Angleterre, 1954. Une femme se penche sur son passé et raconte à sa fille ses jeunes années. Sans nouvelles de son mari, disparu aux frontières de la Mongolie durant la Révolution russe de 1917, elle décide de partir à sa recherche. C’est là qu’elle va rencontrer le baron fou. Près de quarante ans après Corto Maltese en Sibérie, chef-d’œuvre d’Hugo Pratt, Rodolphe et Michel Faure revisitent avec brio cette page d’Histoire.
Le récit s’ouvre d’ailleurs sur un autre clin d’œil à Pratt avec l’as de pique qui va déclencher l’histoire en 1920. Alors qu'elle s’appelait encore Elisabeth Von Ruppert, la jeune femme parcourait les steppes glacées où, rouges (les bolchéviques) et blancs (les tsaristes) continuaient de s’affronter.
Rodolphe signe ici l'un des meilleurs scénarios de sa longue et riche carrière. Il a choisi le mode le plus traditionnel pour dérouler son histoire : un long flash-back ponctué de retours au présent, à la manière des grands classiques du cinéma. Dans cet esprit, on pense à Lawrence d’Arabie ou encore, contexte oblige, à Reds, le très beau film de Warren Beatty.
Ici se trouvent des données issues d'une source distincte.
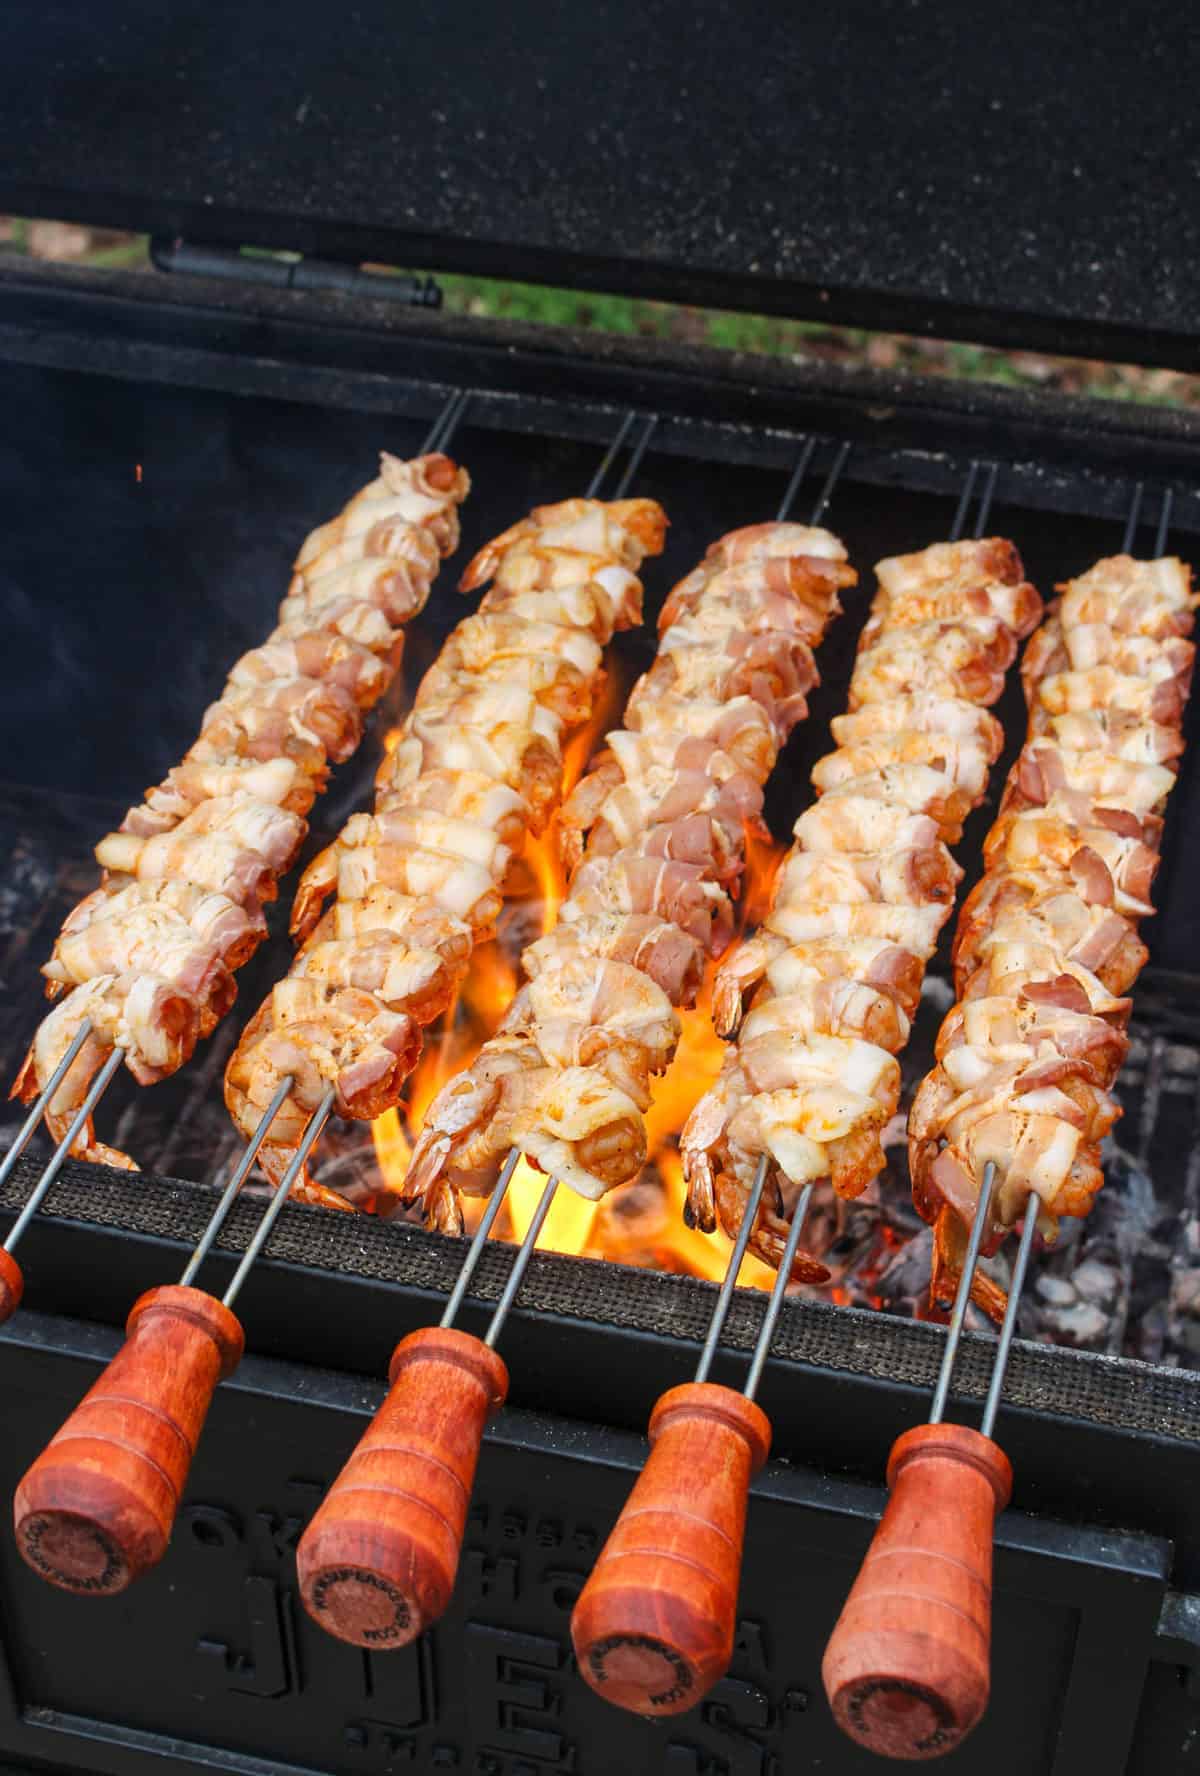 Bacon wrapped shrimp on skewers

Michel Faure n’a jamais rechigné à illustrer des récits ancrés dans l’Histoire : on se souvient encore de sa grande série des guerres napoléoniennes, Les Fils de l’Aigle. Pour sa première collaboration avec Rodolphe, il retrouve tous les ingrédients permettant à son trait nerveux de s’éclater : scènes d’action, grands espaces, chevaux… Et même s’il arrive que son dessin au détour d’une planche ressemble davantage à un crobar de storyboard qu’à une page vraiment fignolée, son découpage « emporte allègrement le morceau ».
Loin d’être écrasé par la référence « Prattienne », ce Baron fou est assurément une belle réussite. Suite et fin dans le prochain tome.